WHAT IS NEEDED:
Leaving the pictures aside, reproduce the data in full and word for word.

DATA PROVIDED:
★ ★ ★

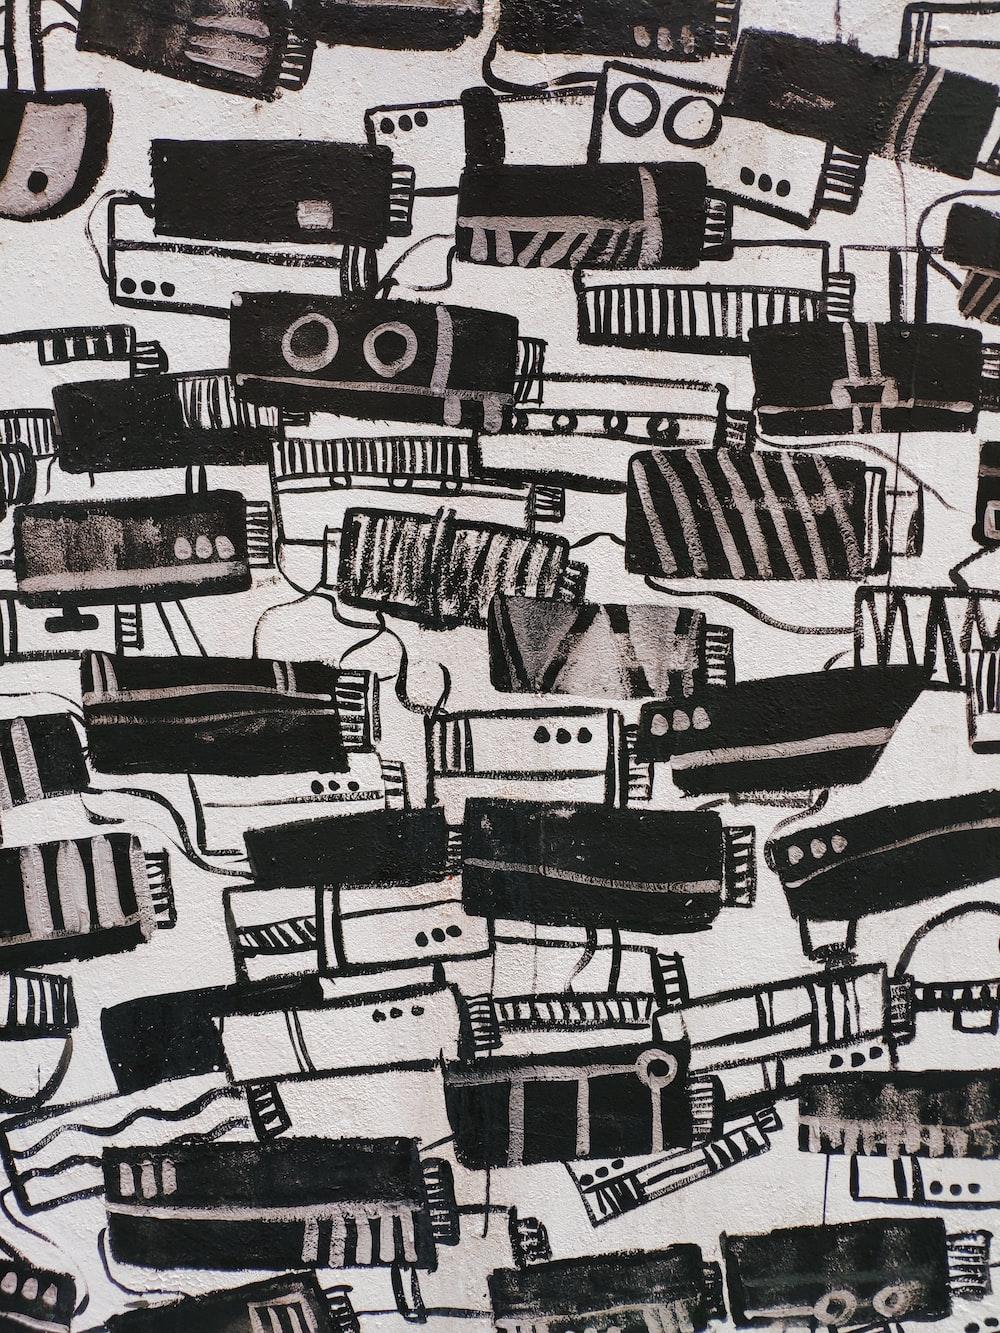 Graffiti School Desk Pictures | Download Free Images on Unsplash
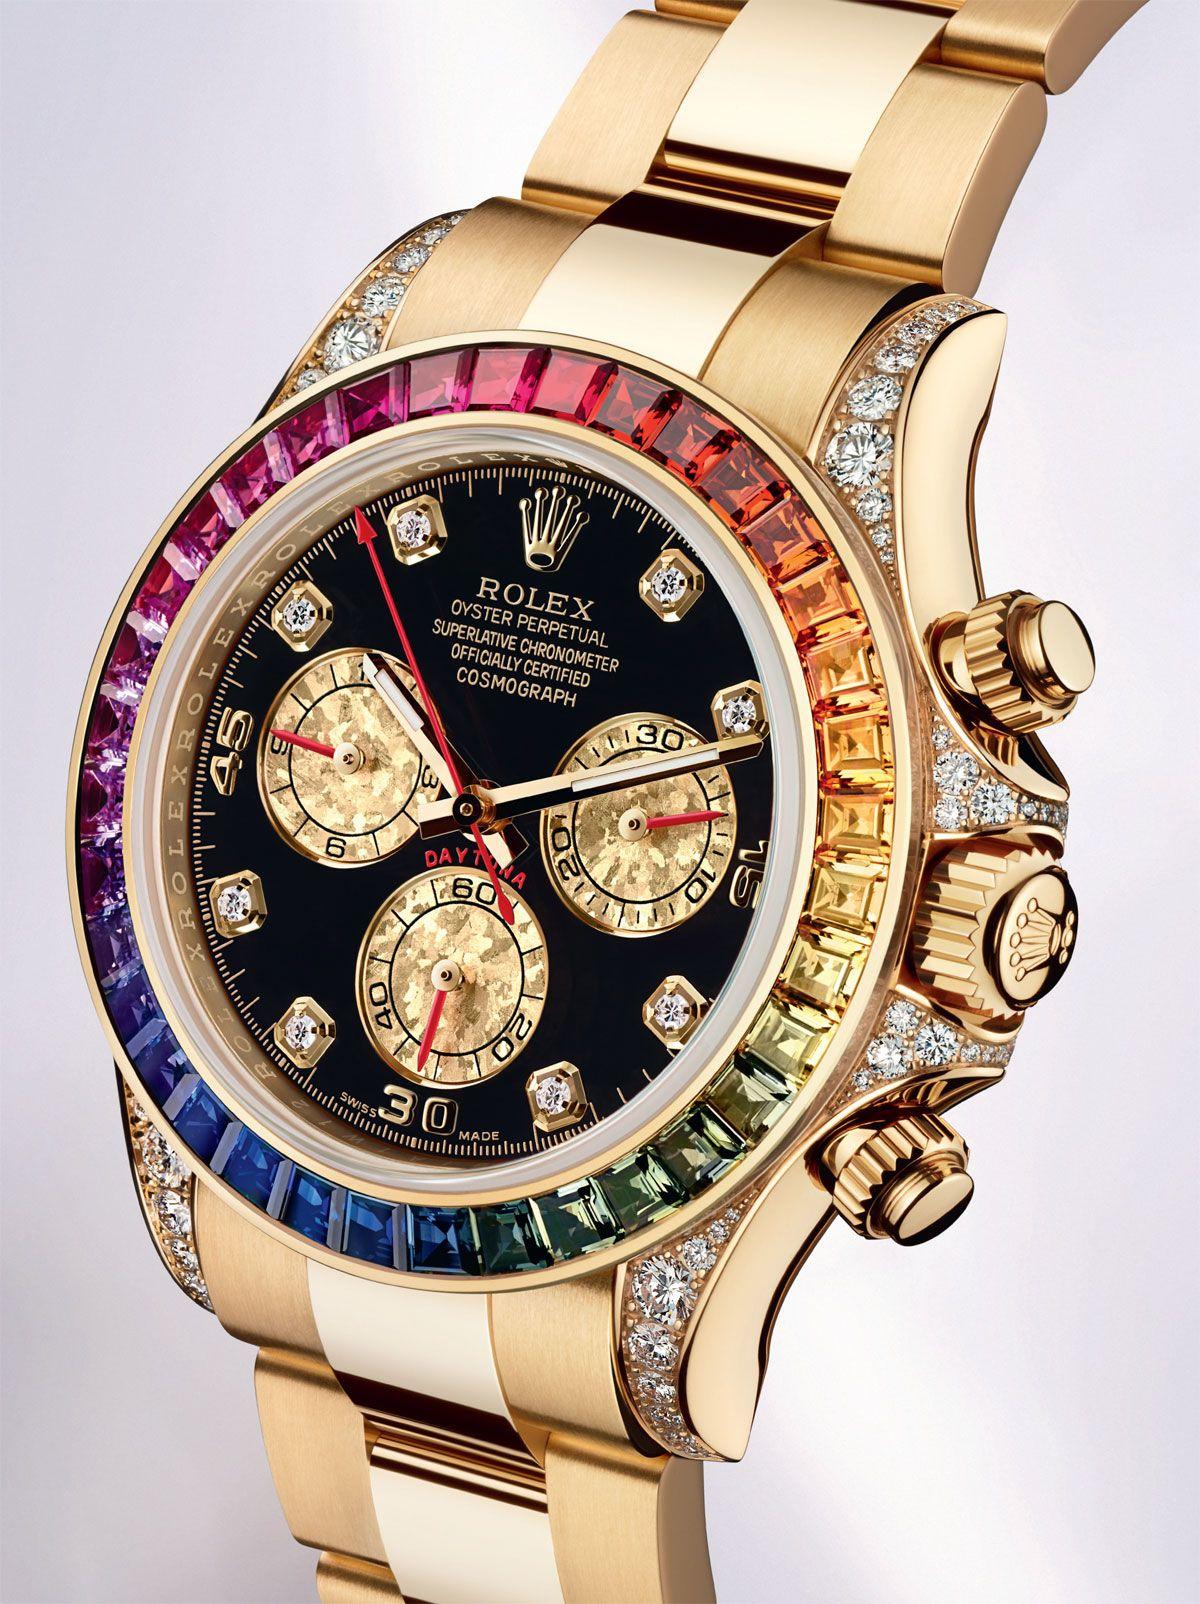 66fbc8ac9c2 Rolex Daytona Rainbow - Yellow or white gold bands
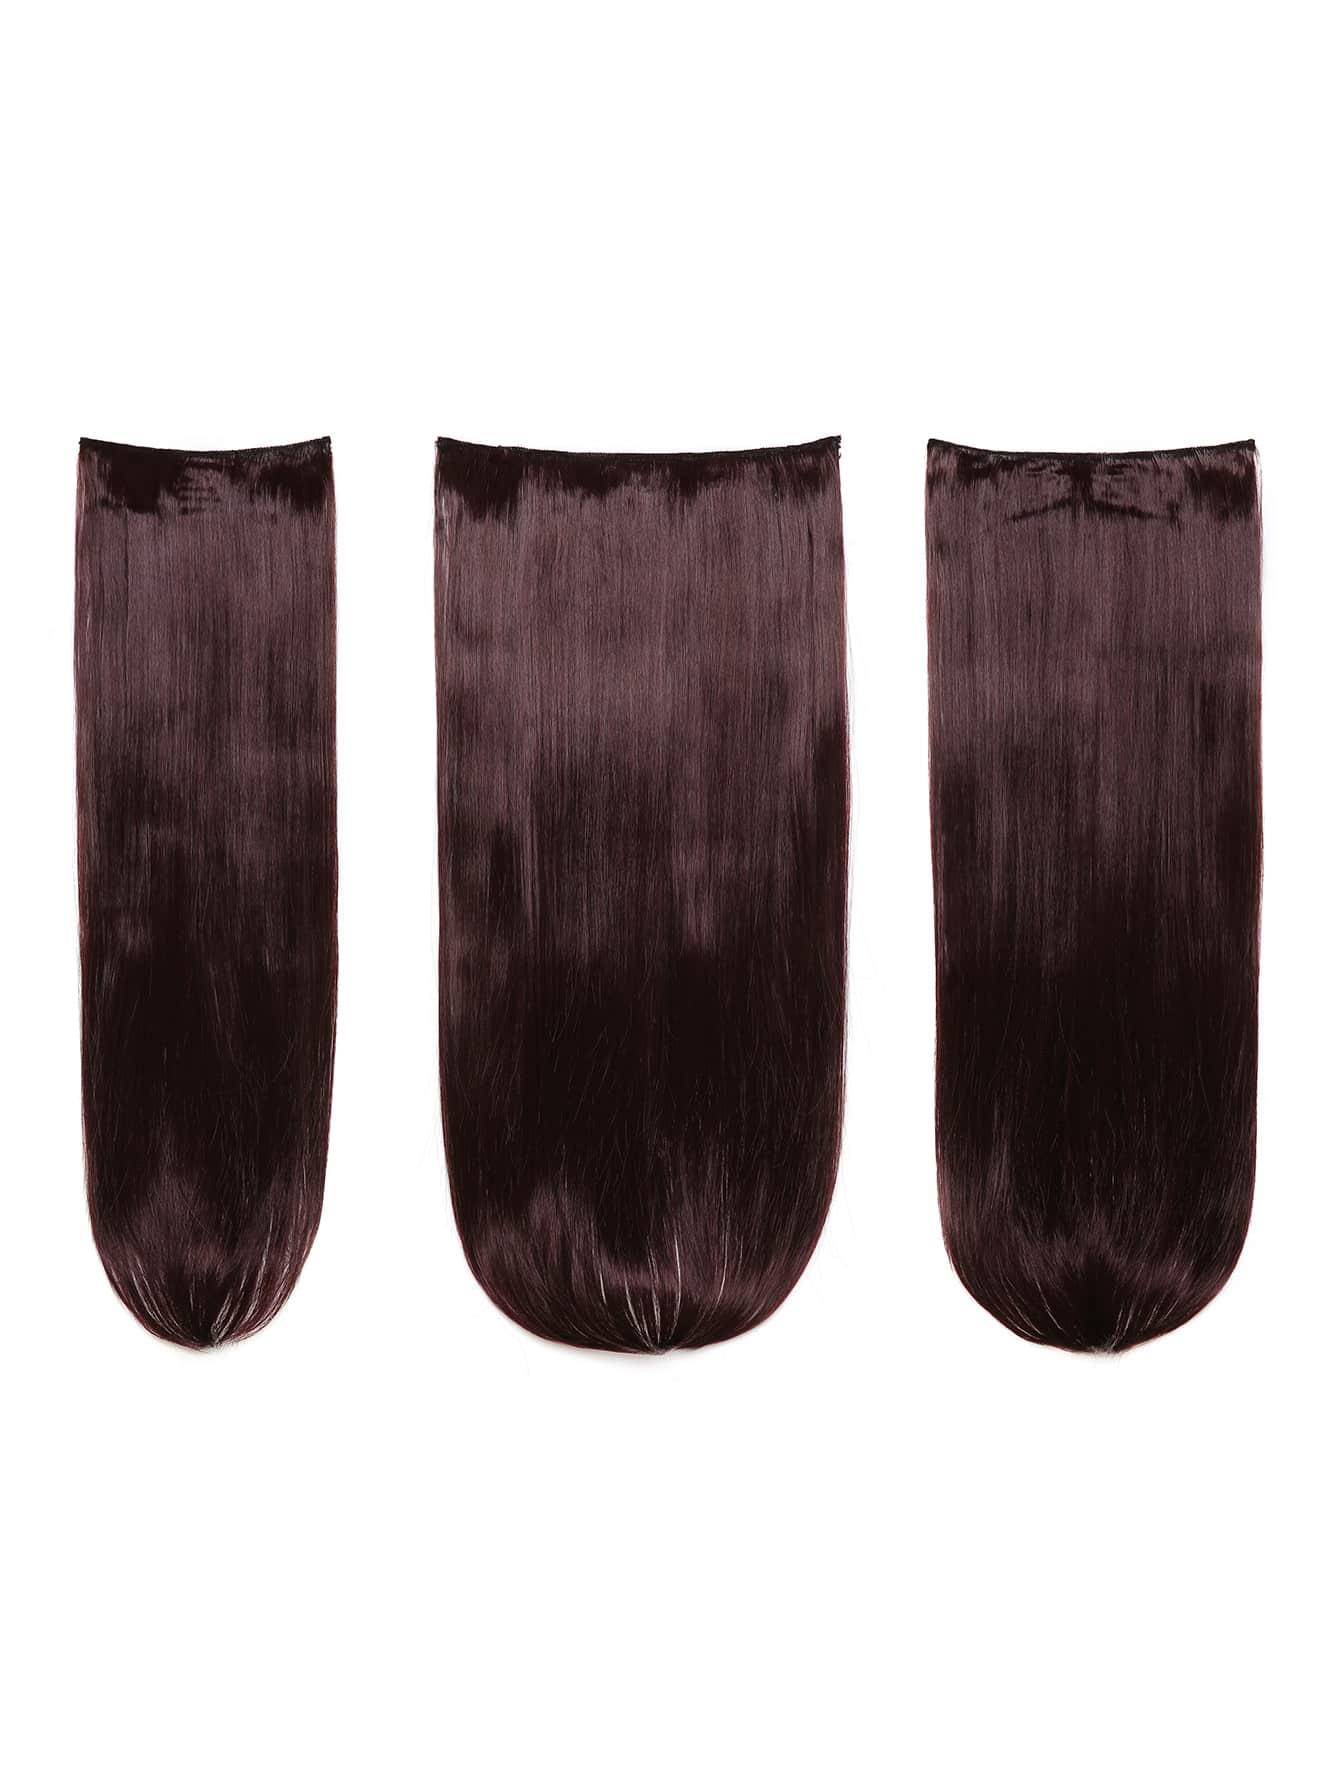 Plum Clip In Straight Hair Extension 3pcs

★ ★ ★

ANSWER BELOW:
 Graffiti School Desk Pictures | Download Free Images on Unsplash
 66fbc8ac9c2 Rolex Daytona Rainbow - Yellow or white gold bands
 Plum Clip In Straight Hair Extension 3pcs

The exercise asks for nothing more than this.